תמונה תומכת תוכןA new study conducted at the University sheds light on one of the biological mechanisms involved in the evolution of species: The precise conservation of the dynamics of gene expression in embryonic regulatory circuits plays a key role in maintaining morphological similarity between similar species. Dr. Smadar Ben-Tabou de-Leon of the Department of Marine Biology undertook the study, which was published in the journal Plos Genetics. She explains: “In the current study, we found that two species of sea urchins that are as different from each other in genetic terms as we are from mice, show highly conserved dynamics of the expression of their regulatory genes. Now we want to examine the next stage: If we change the dynamics of the regulatory circuits, will we be able to change the morphology of the fetus? For example, will a sea cucumber embryo grow a skeleton like a sea urchin?”

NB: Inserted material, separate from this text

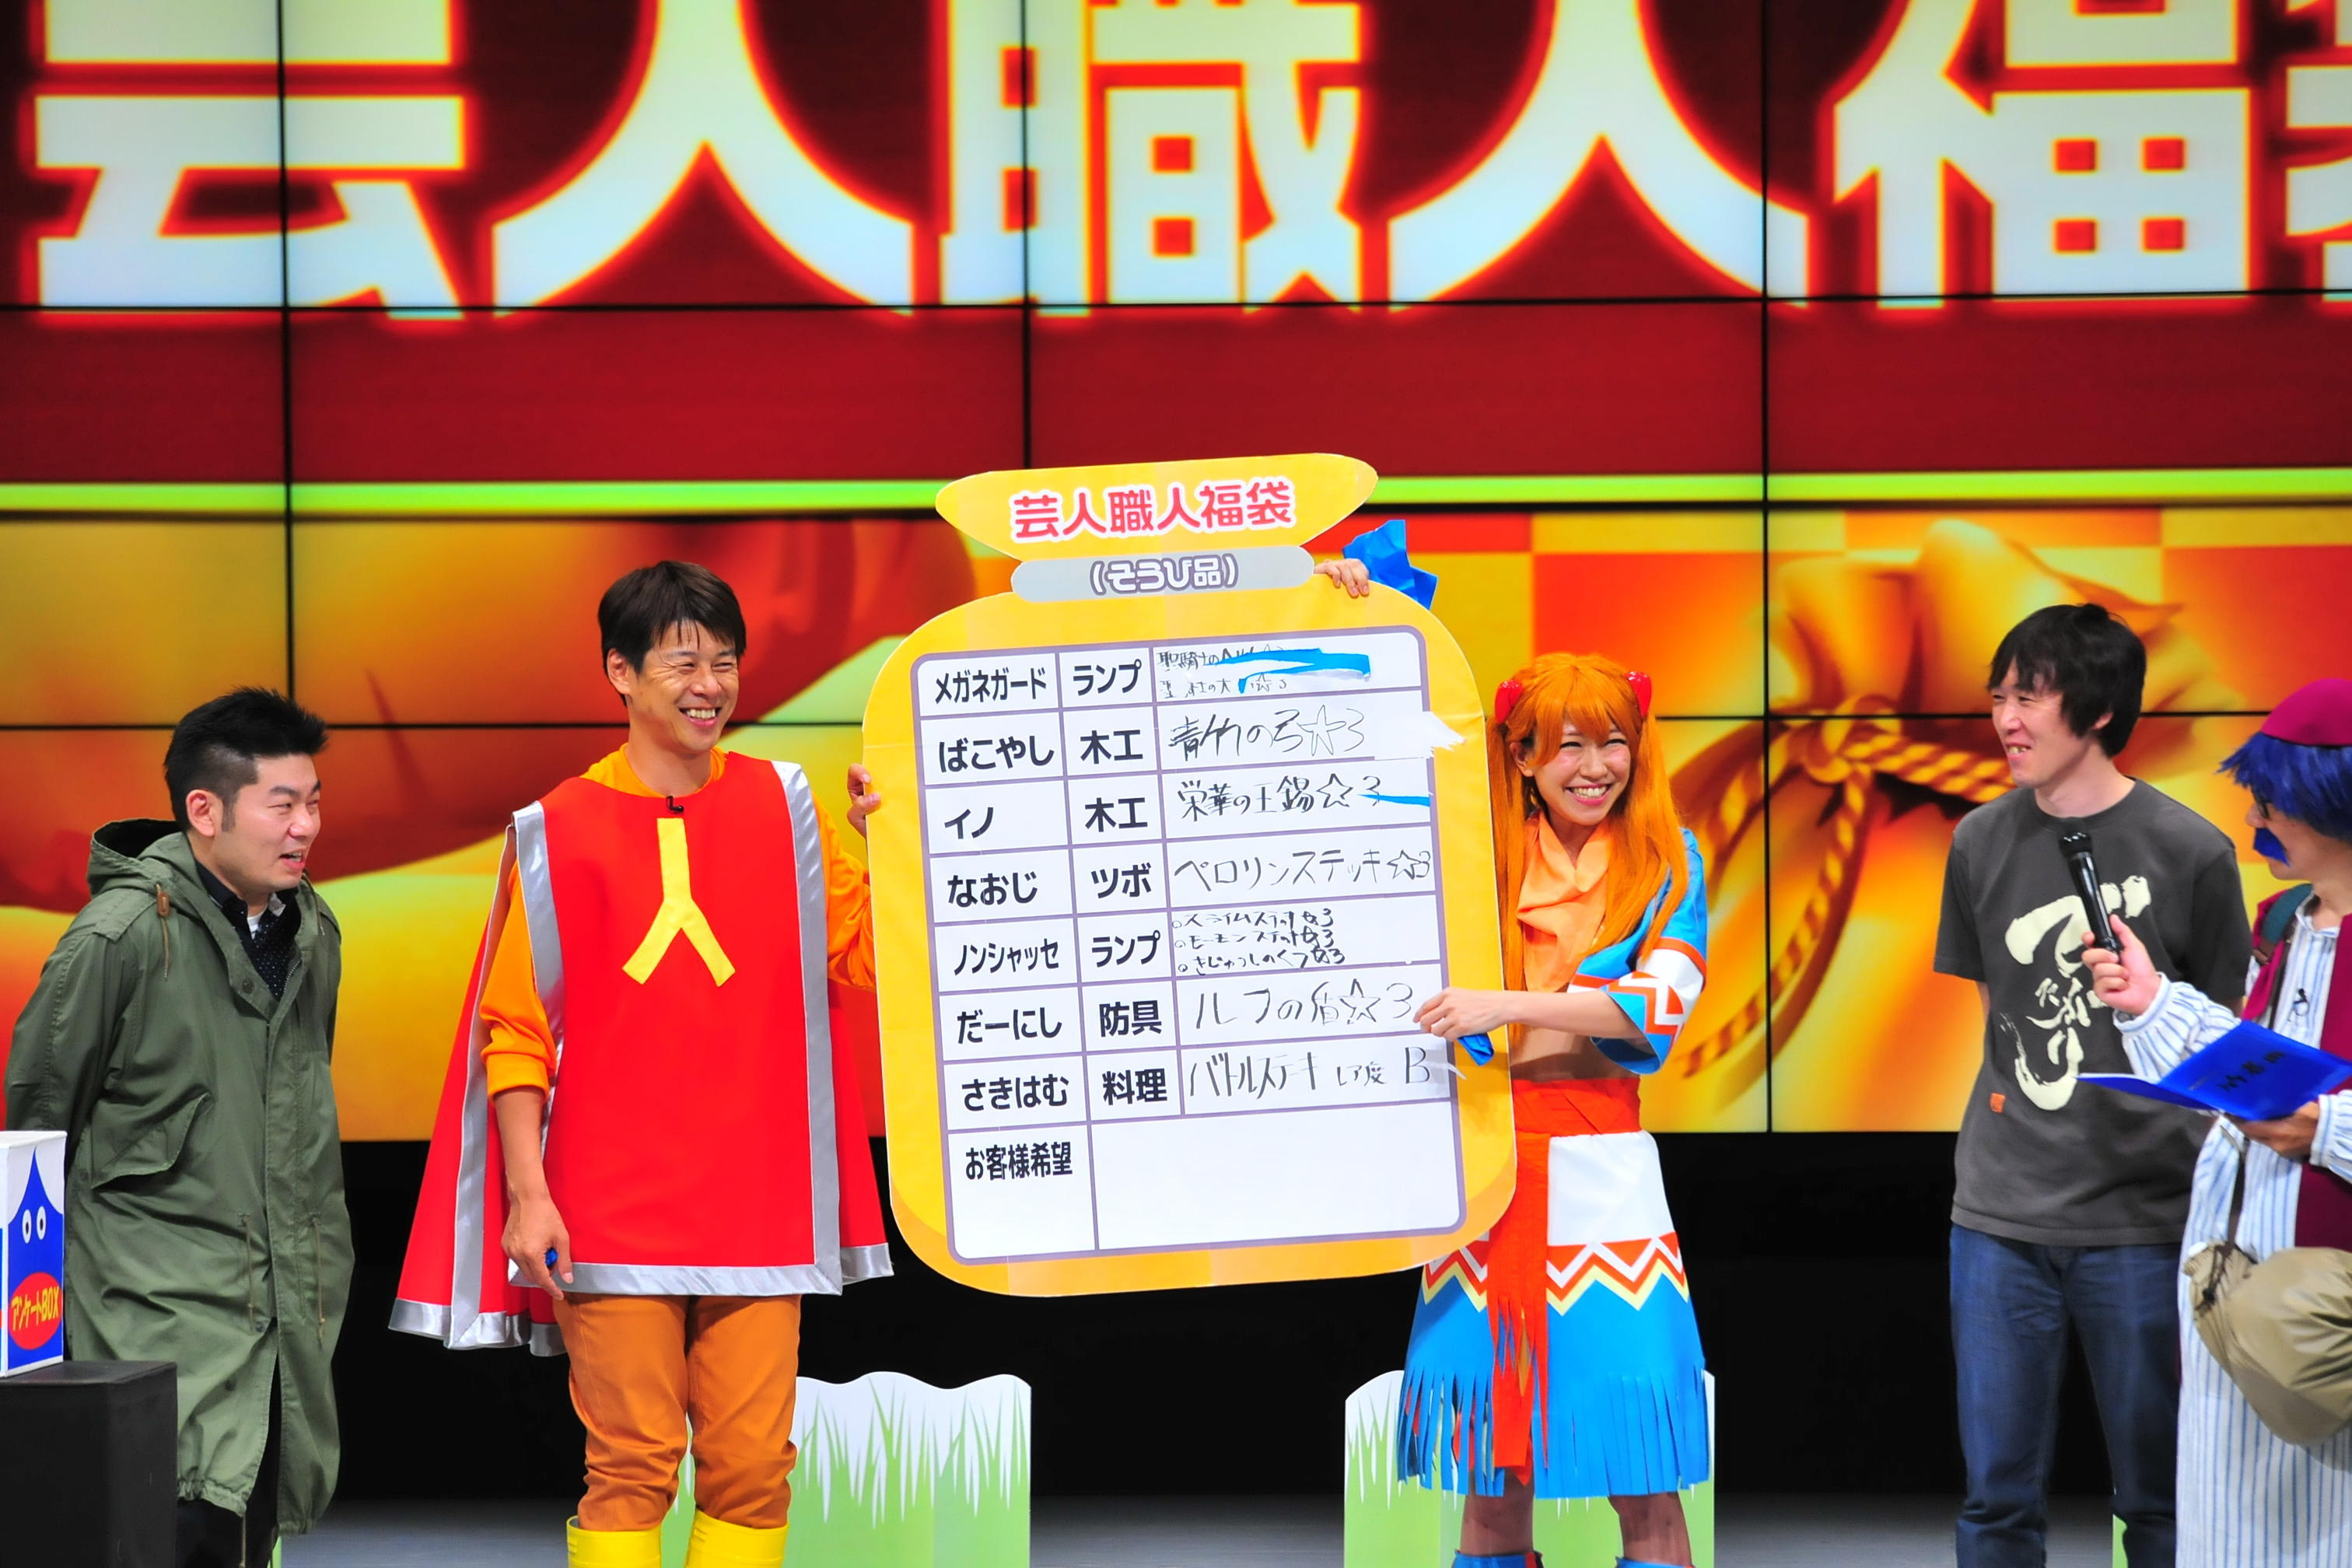 http://news.yoshimoto.co.jp/20160613100503-8c89230663a032d181b9faee62e20bcea8be85df.jpg

The Mediterranean sea urchin and the Pacific Ocean sea urchin are distant relatives that parted from a common ancestor about fifty millions years ago. In addition to the long period of time that has elapsed since then, the two species also live in profoundly different habitats: the Mediterranean differs significantly from the Pacific Ocean in terms of salinity, temperature, and numerous other characteristics. Accordingly, the two species show a similarity of just 85 percent in their protein-coding DNA – a level similar to that between humans and mice.

 

However, Dr. Ben-Tabou de-Leon continues, in terms of morphological similarity, the two species have a very similar external appearance. This similarity is reflected not only in their final form – both species are sea urchins with very similar shape, spines, and so forth – but also in terms of embryonic development. The embryonic cells in both species undergo similar changes at similar stages in their development: the same cells in both species “choose” to become the skeleton, while others “choose” to become pigment cells, intestinal cells, and so on.

 

In the present study, which Dr. de-Leon conducted together with Dr. Tsvia Gildor, the researchers attempted to locate the biological mechanism that maintains this high level of similarity between two species that could have looked very different given their genetic differences. They chose to concentrate on the regulatory circuits of the embryonic cells. Genetic regulatory circuits consist of control genes the mutual relations between which determine the size, location, and function of the cell within the embryo. The findings showed that the dynamics of the regulatory circuits are very similar in both species of sea urchin. In other words, the temporal expression of the control genes is almost identical in the two different species of sea urchins once the developmental rates are scaled. “We have found the ‘system core’ in terms of the similarity between the species. We have effectively found that the developing embryo can make numerous environmental adjustments altering its DNA profile without changing this ‘core’ in the developmental regulatory circuits,” says Dr. Ben-Tabou de-Leon.

 

Dr. de-Leon is now attempting to examine what happens when changes do occur to the core of the morphological system. In order to do this, she is going a few years further back, or rather a few million years. Sea cucumbers, starfish, and sea urchins all share a common parent dating back 500 million years. In other words, the three species are morphologically similar in their embryonic stage, yet develop into completely distinct adults. One of the key differences between these organisms is the skeletal rods that develop in the sea urchin but not in the sea star or the sea cucumber. Dr. Ben-Tabou de-Leon will seek to investigate the timing of the expression of the control genes on each species, and then to examine what happens when this timing is altered. The hypothesis is that changing the timing of the expression on the control genes in sea cucumbers will lead them to grow a skeleton similar to that of the sea urchin.

 “The late Professor Steven Gold explained 40 years ago that the main source of evolutionary change is the changes in the developmental rate of species. In our research we have recognized that this is connected to the change in the developmental rate of certain embryonic genes. What I’m searching for is this rate and this change,” she concluded.